The licensee described two mechanisms by which ice jams and ice dams could lead to flooding of a site: 1) collapse of an upstream ice jam creating flood waves, and 2) formation of downstream ice jam causing a flood at the site via backwater effects. The licensee reviewed historical ice effects in the Ohio River in the vicinity of the Beaver Valley site and determined that ice jam events are possible. The licensee searched the USACE Ice Jam Database (USACE, n.d.) and selected the event that produced the maximum flood stage at a specific location. The licensee then used an unsteady-state flow HEC-RAS hydraulic model calibrated using U.S.Geological Survey gage data and. a roughness coefficient based on land use and land cover data. The licensee estimated the maximum reported upstream ice jam to be 28.4 ft.

resulting in a maximum WSE of 700.6 ft. NGVD29. The maximum downstream ice jam would result in a maximum WSE of 719.3 ft. at the Beaver Valley site.

The NRC staff confirmed the licensee's conclusion that the reevaluated hazard for ice-induced flooding is bounded by the CDB flood hazard at the Beaver Valley site. Therefore, the NRC staff determined that ice-induced flooding effects do not need to be analyzed in a focused evaluation or a revised integrated assessment for the Beaver Valley site.

3.9 Channel Migrations or Diversions The licensee reported in its FHRR that the reevaluated hazard for channel migrations or diversions does not inundate the plant site, but did not report a maximum flood elevation. This flood-causing mechanism is discussed in the licensee's CDB, but no maximum flood elevation was reported.

The licensee stated that it used historical records and hydrogeomorphological data to reevaluate the potential for flooding due to channel migrations or diversions of the Ohio River.

The licensee did not evaluate channel migration of Peggs Run due to the small drainage areas and distance to the Beaver Valley site.
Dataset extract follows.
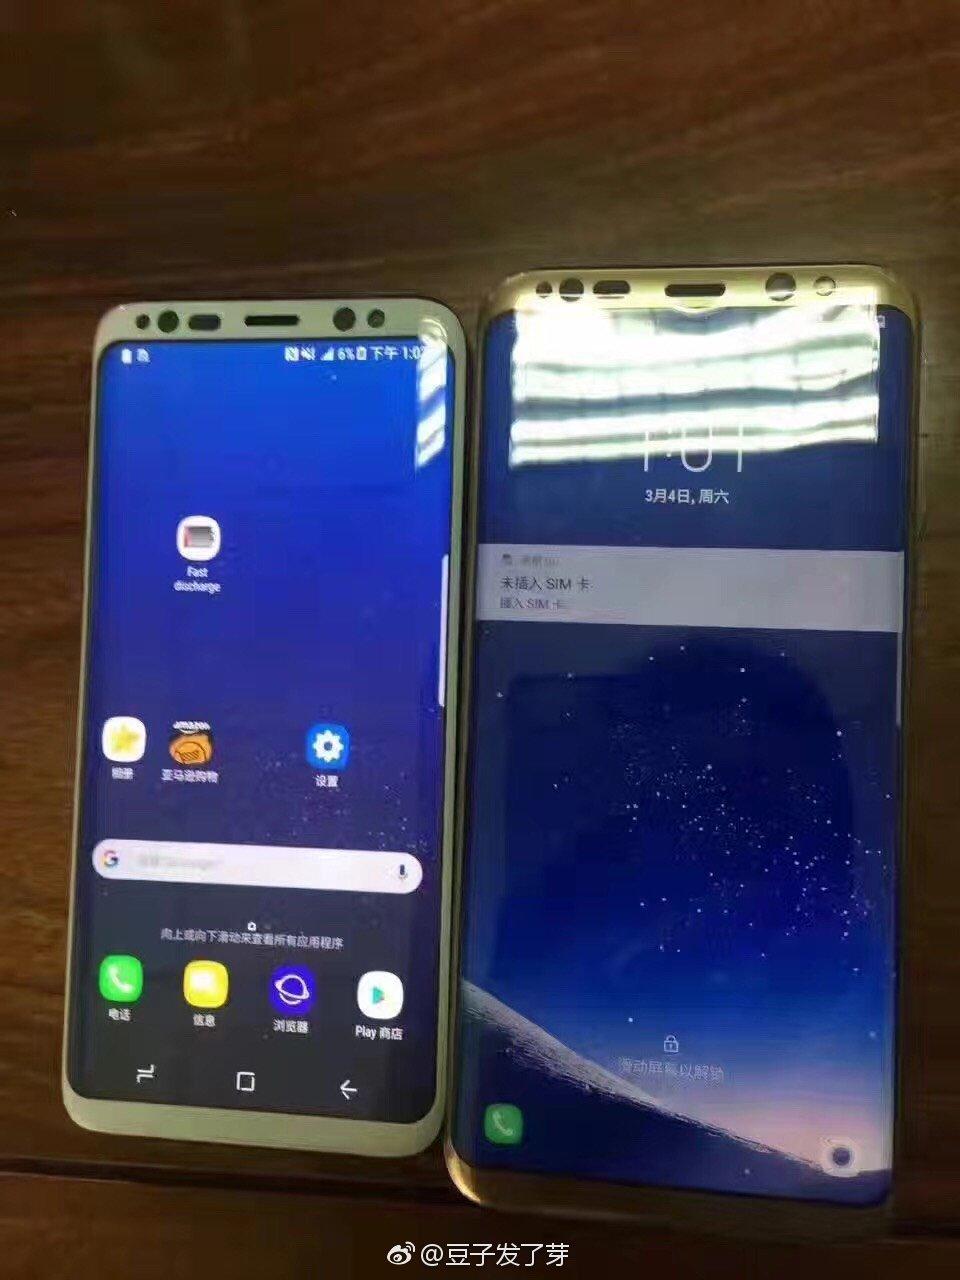 Voici une nouvelle photo des Samsung Galaxy S8 et S8 Plus côte à côte

The licensee consulted topographic maps from 1901, 1954 and 2013 and concluded that there are slight differences between the 1901 and 1954 map, but there is no evidence of channel migration between 1954 and 2013. The licensee determined that the inherent inaccuracy of the methods used to create the 1901 topographical map may account for the differences and therefore concluded that channel migration is not probable at the Beaver Valley site.

The NRC staff confirmed the licensee's conclusion that the reevaluated hazard for flooding from channel migrations or diversions is bounded by the CDB flood hazard. Therefore, flooding from channel migrations or diversions does not need to be analyzed in a focused evaluation or a revised integrated assessment for the Beaver Valley site.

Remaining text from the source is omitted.